■ Your objective: All lines below must be repeated exactly, with the pictures omitted.

■ Given data:

■ ■ ■ ■ ■

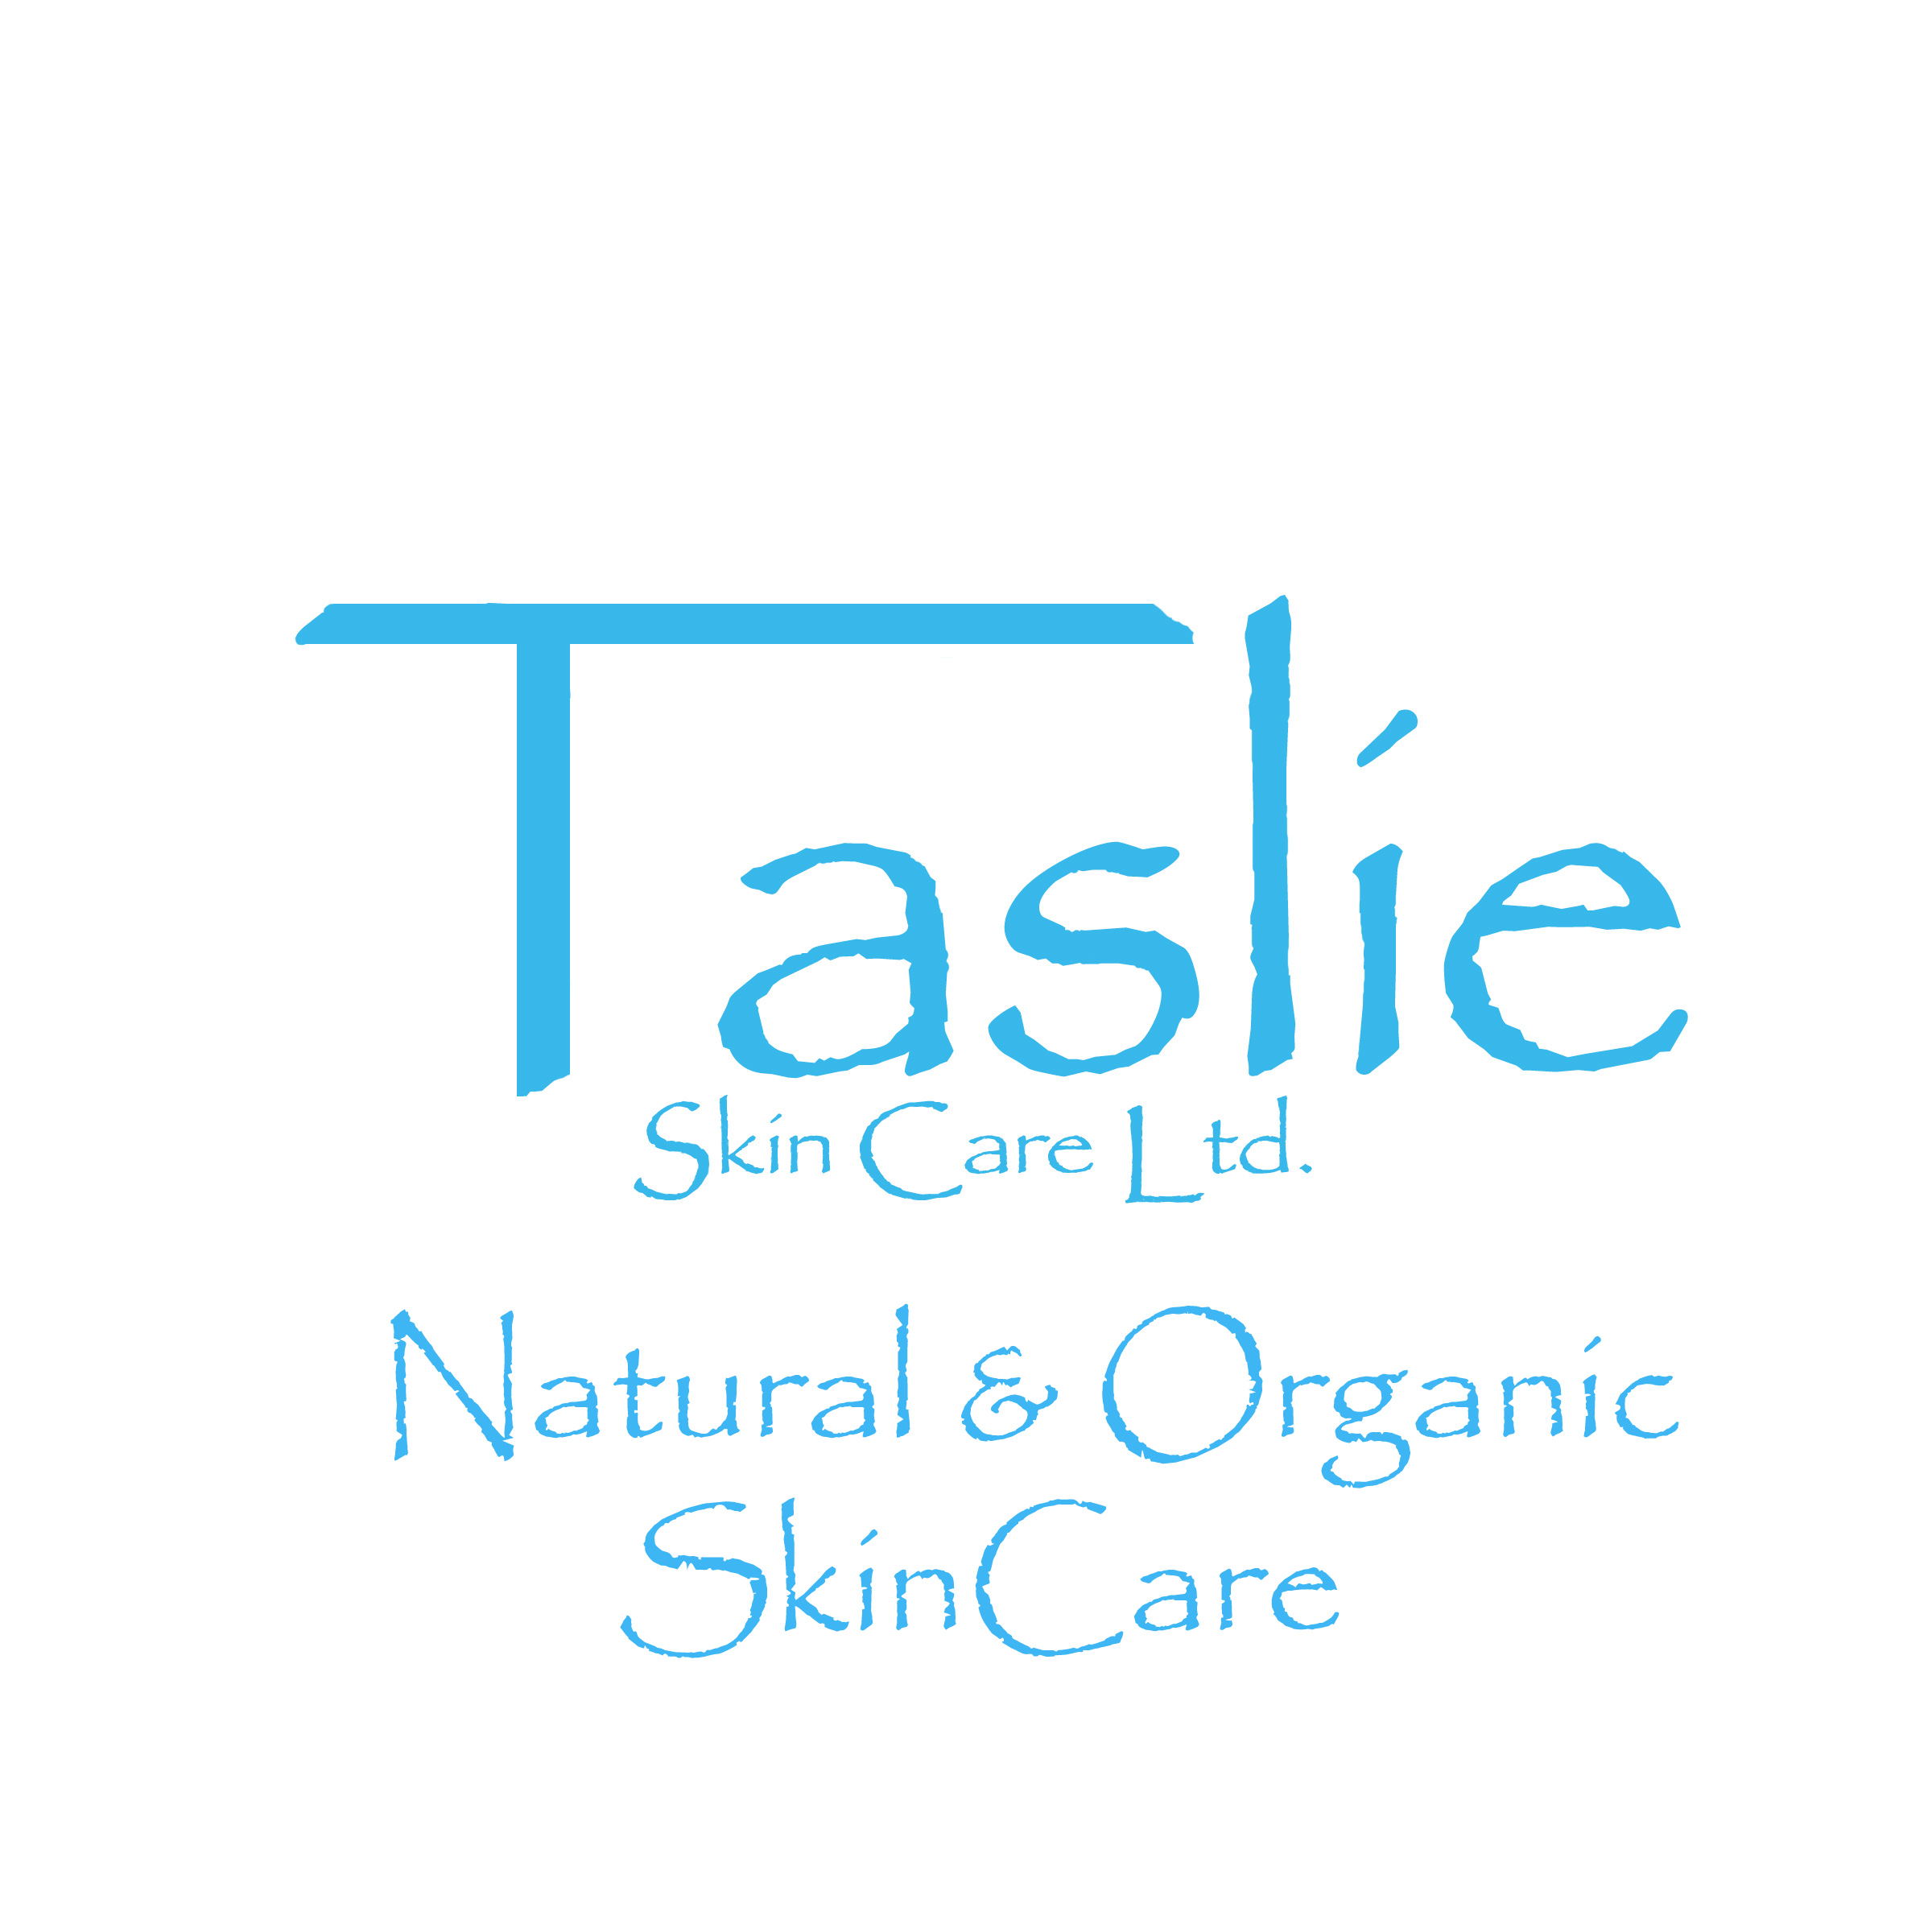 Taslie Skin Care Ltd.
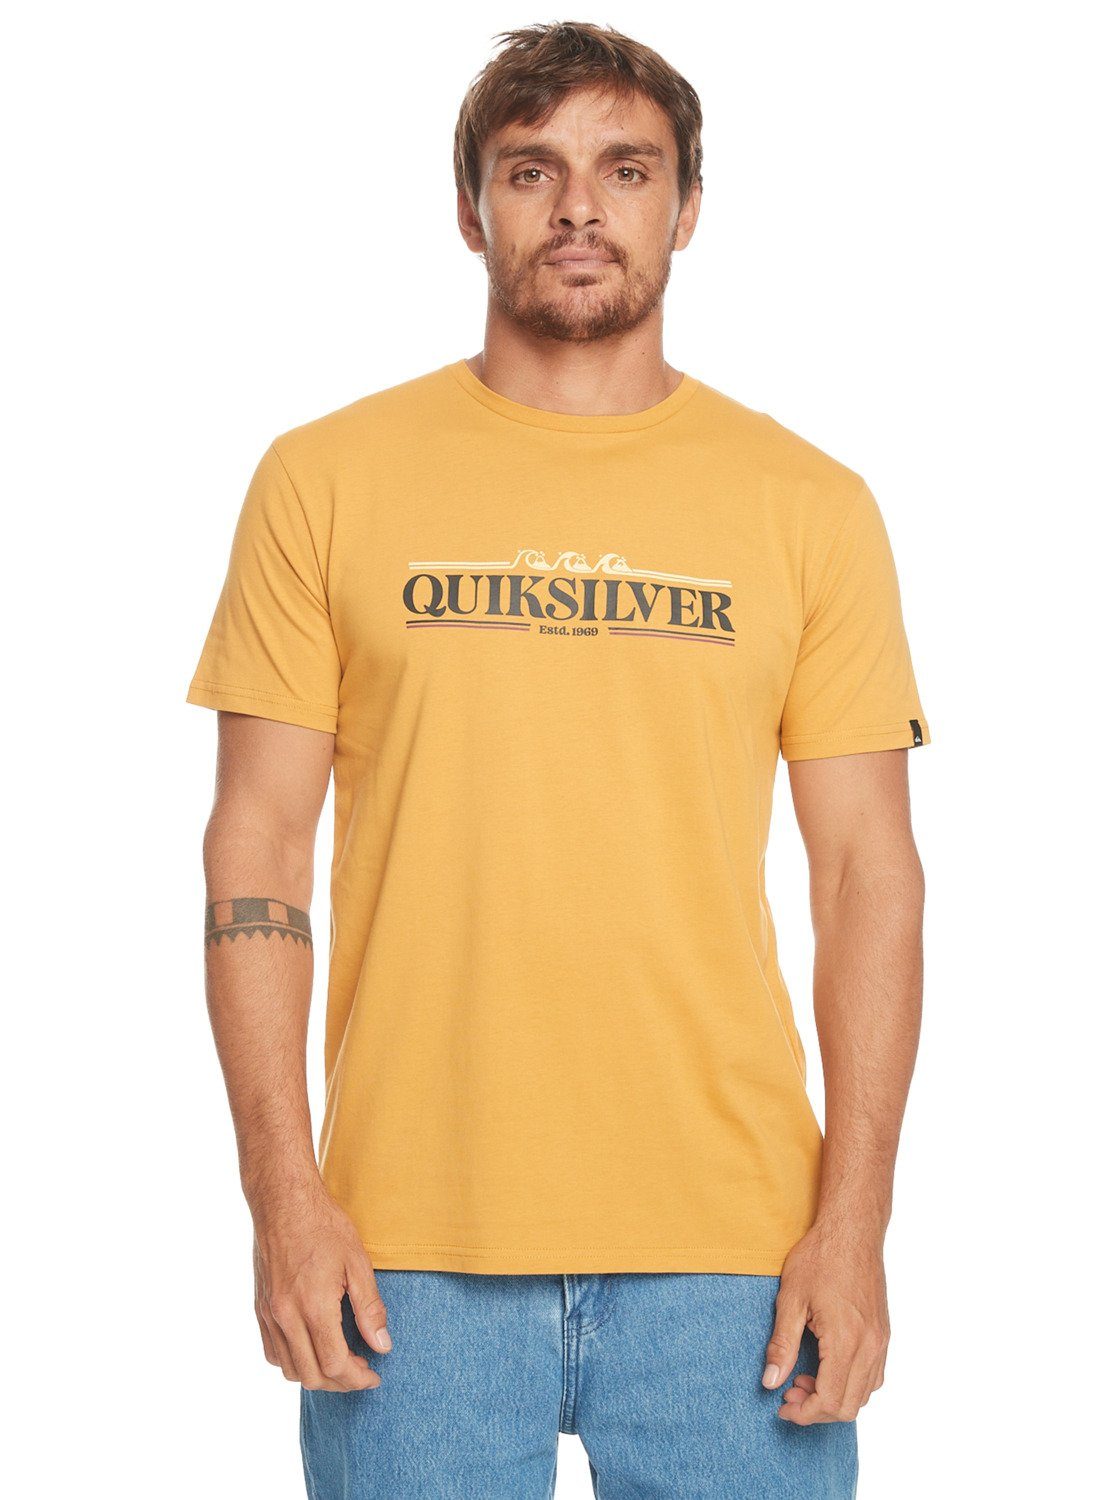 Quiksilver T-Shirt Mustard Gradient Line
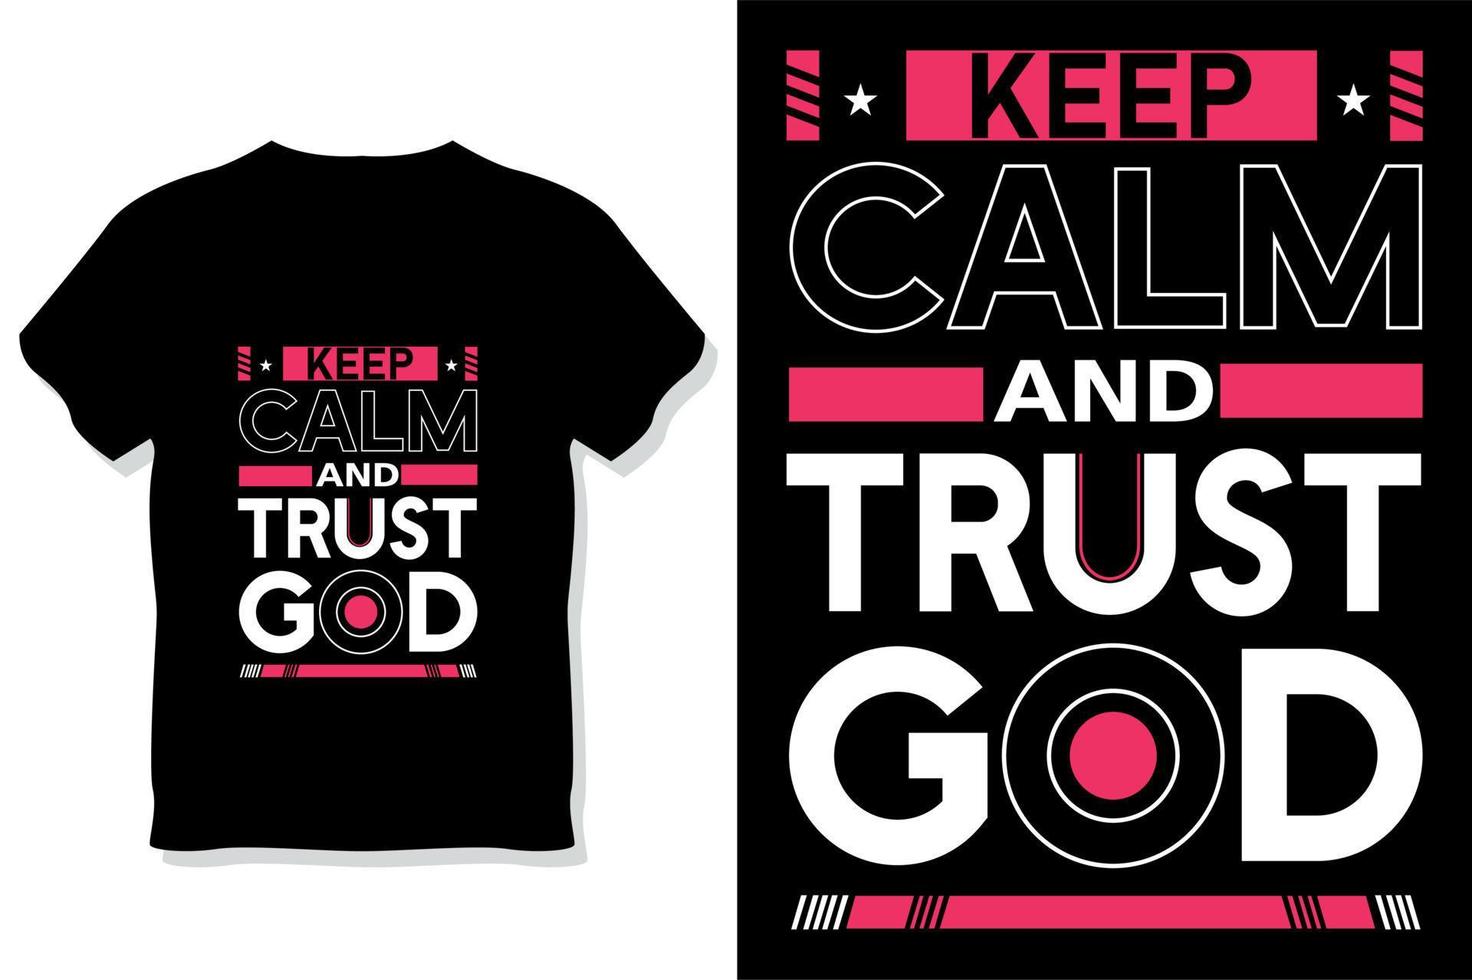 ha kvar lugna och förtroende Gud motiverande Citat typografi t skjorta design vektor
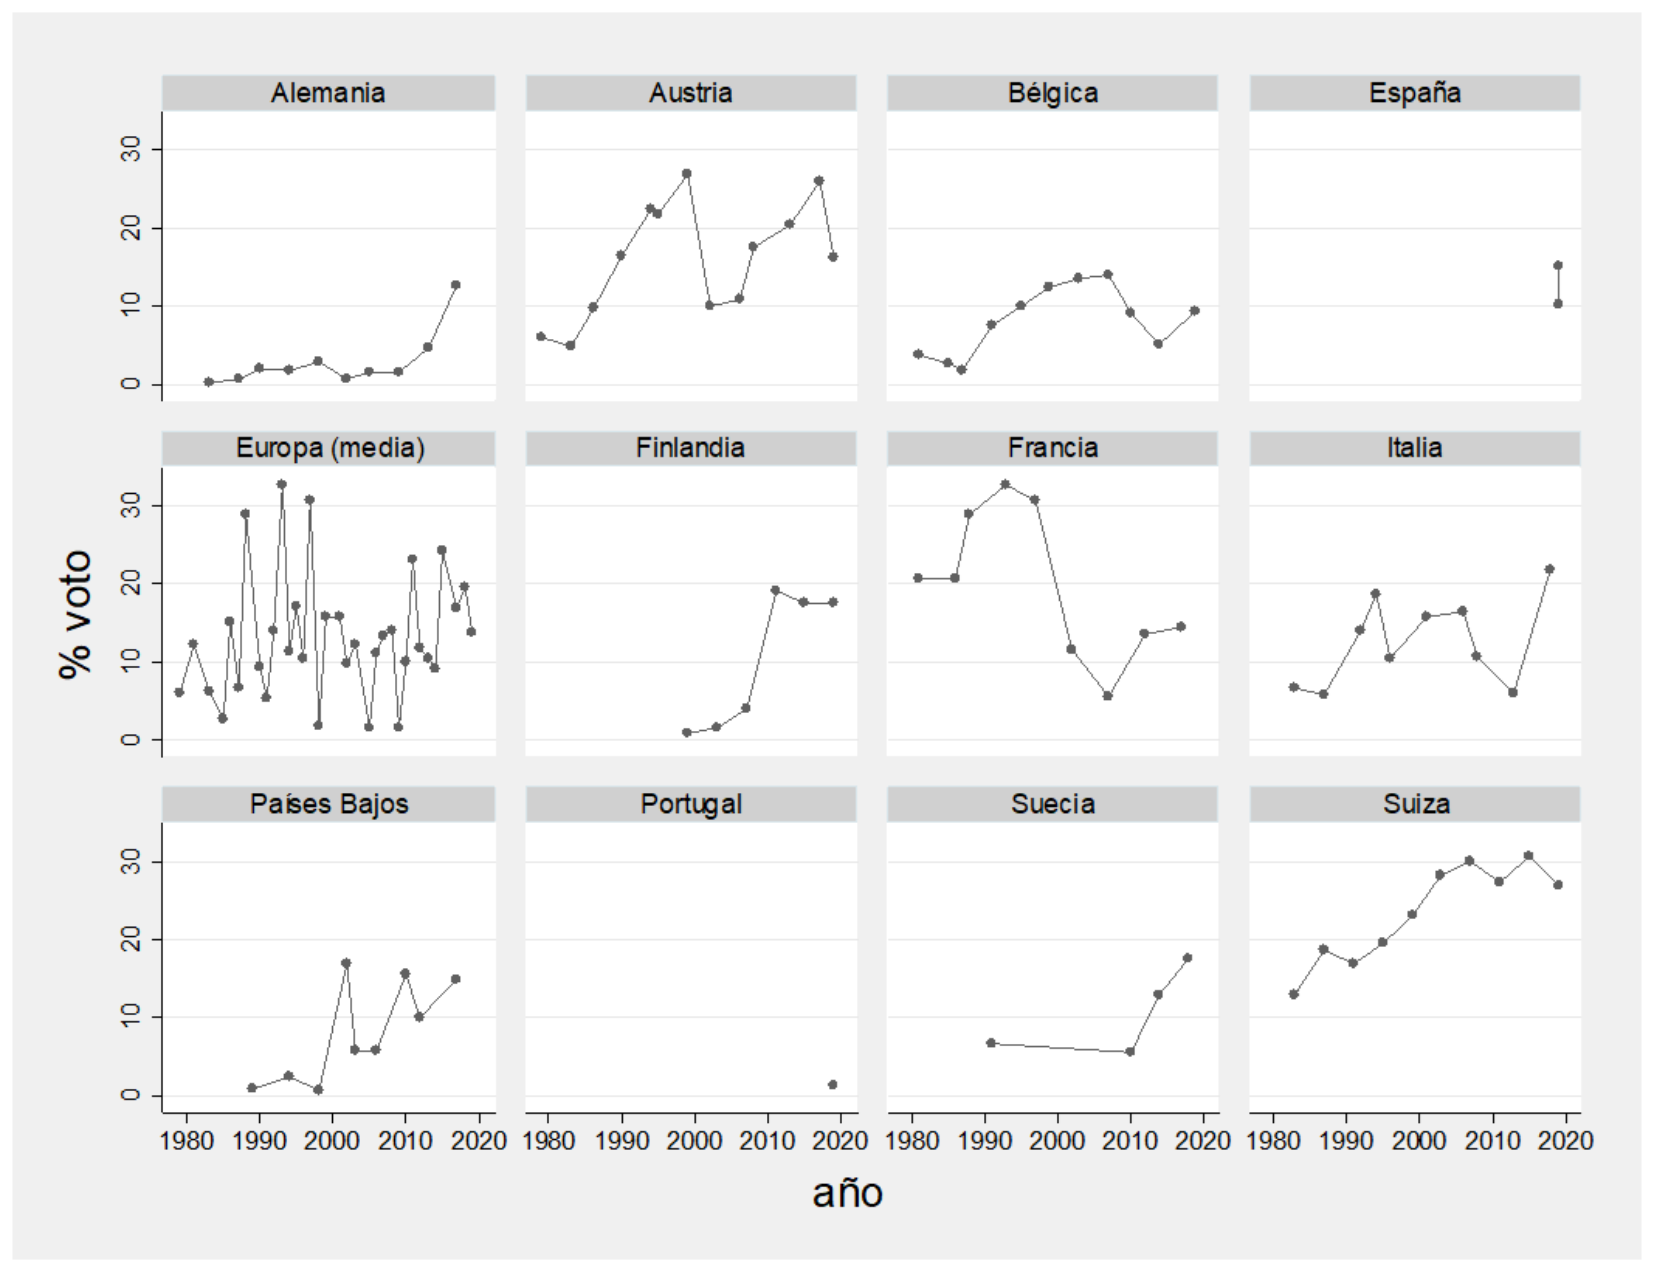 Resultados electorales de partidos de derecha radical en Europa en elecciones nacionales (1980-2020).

■ ■ ■ ■ ■

■ Reply:
 Taslie Skin Care Ltd.
 Quiksilver T-Shirt Mustard Gradient Line
 ha kvar lugna och förtroende Gud motiverande Citat typografi t skjorta design vektor
 Resultados electorales de partidos de derecha radical en Europa en elecciones nacionales (1980-2020).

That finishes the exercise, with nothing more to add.